Not knowing how to proceed, but feeling the need to speak, I say, rather tritely, that the chances of recovering from cancer are so much higher today than in the past, that even in my small circle of friends there are three or four who have had cancerous growths but they are all doing well now. I don't mention Gina. Empty reassurances, when we both know she has a time bomb ticking in her brain.

She is not taken in. "Well, perhaps they were in an earlier phase than I. I know I waited too long. Six weeks at least after I felt the first lump. I thought I'll go tomorrow, next week. There was always something more important."

I say nothing. She turns to her reflection in the window and adjusts her wig.

"Or perhaps your friends had less stressful lives than I've had. My husband left me alone with our children when I wasn't quite 30. I hadn't worked since my marriage. All of a sudden, I had to find work, look after the children and take care of the house. It was all very stressful."

"How many children do you have?"

"Three, between 12 and 18. Also as a mother, you get used to always putting the children first," she says matter-of-factly.
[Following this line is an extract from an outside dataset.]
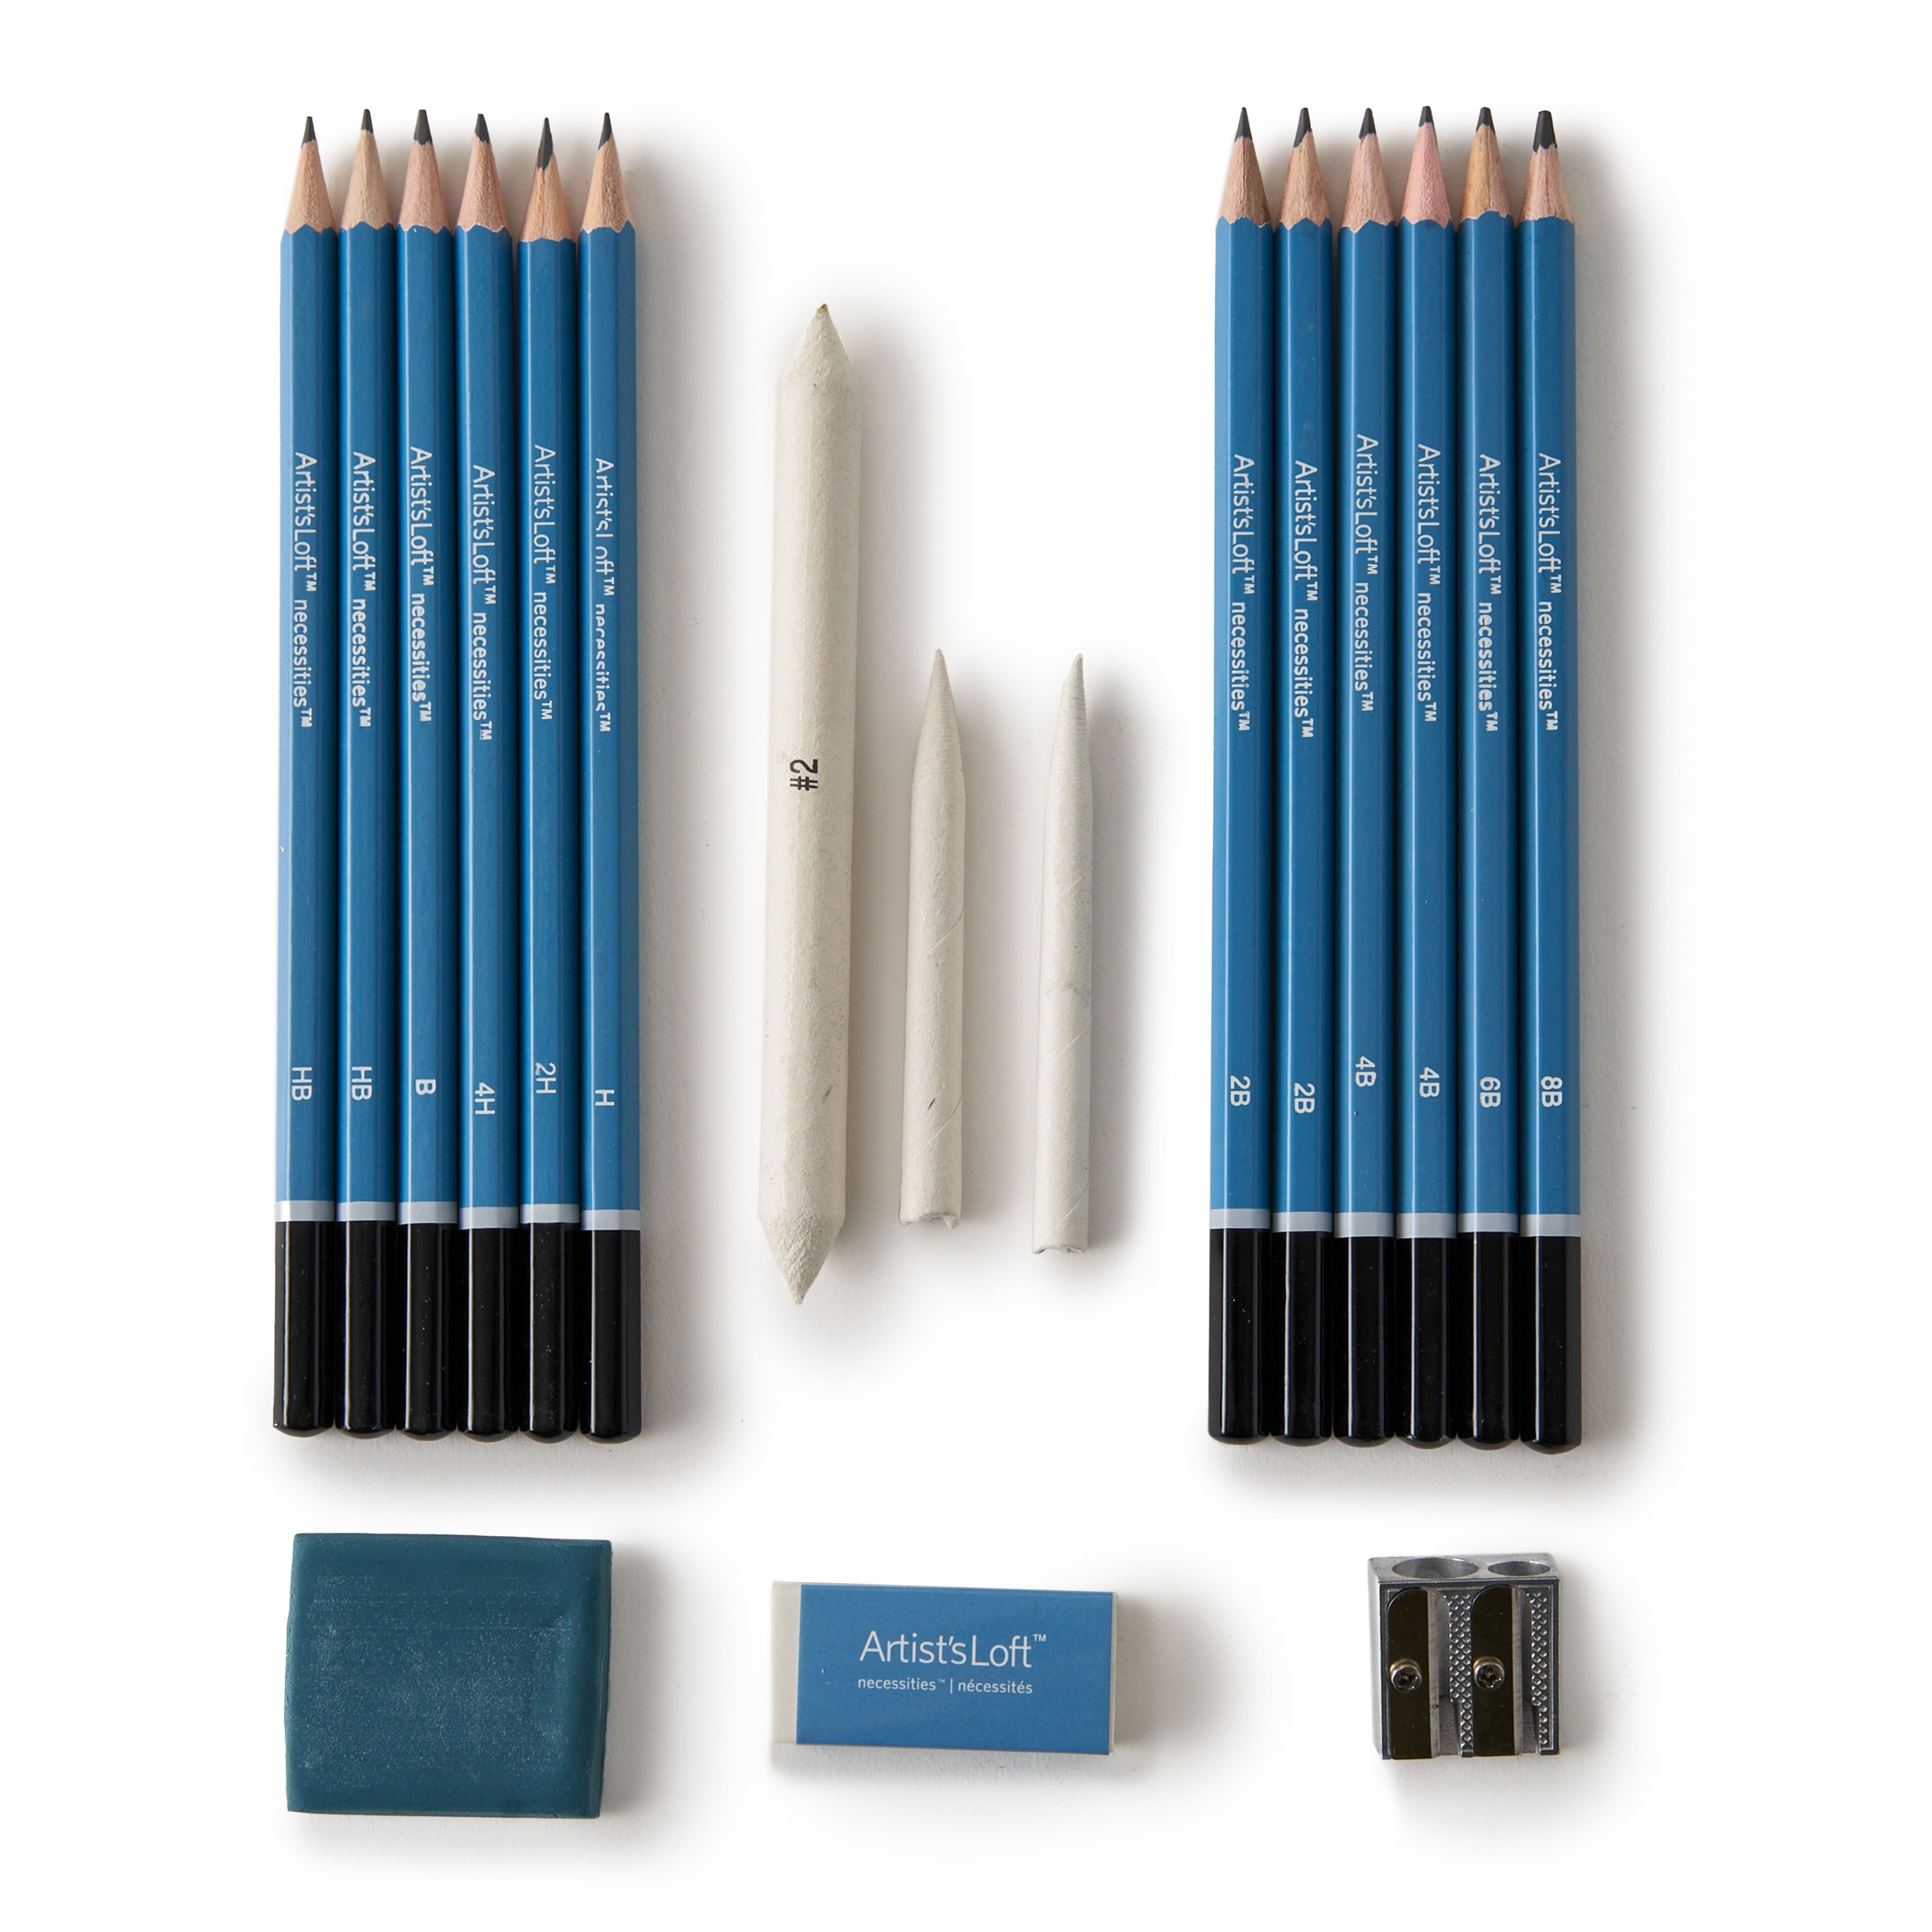 Amazon.com : RVOGJP TAMATA Professional Drawing Sketching Pencil Set - 12  Pieces Art Drawing Graphite Pencils(12B - 4H), Ideal for Drawing Art,  Sketching, Shading, for Beginners & Pro Artists : Arts, Crafts & Sewing

"Yes, I know," I add, although I only had one child to bring up alone.

"You know, I never took care of myself. I never bought myself anything unless I really needed it. Now, when it may be too late, I am changing."

She rubs the soft suede of her peach jacket, lying beside her on the seat, and down the silk of her skirt. They are obviously new purchases.

"Now I do things that make me happy," she says with a big smile. "Things that are good for me. At my age, imagine, I started Quigong [a holistic healing system] involving breathing and exercise! The exercises are wonderful, I feel rejuvenated. That, and the homeopathy. That's what makes me feel so good."

I tell her I do tai chi, and we talk a little about the importance of doing the exercises every day, the strength you need even for such seemingly gentle movements, the positive energy they bring.

The train starts slowing down. The lights of St Valentin pierce the darkness outside the window.

I feel touched by her confidence, by her quiet courage. Not once was there anger or self-pity. Just calm acceptance in the face of the unacceptable.

She slips on her shoes and stands up. She puts on her jacket, brushes her skirt down and adjusts her wig.

The train is beginning to pull into the station as she turns to me. I stand up to shake her hand. Instead, she holds out her arms and gives me a hug. We both know we will never see each other again.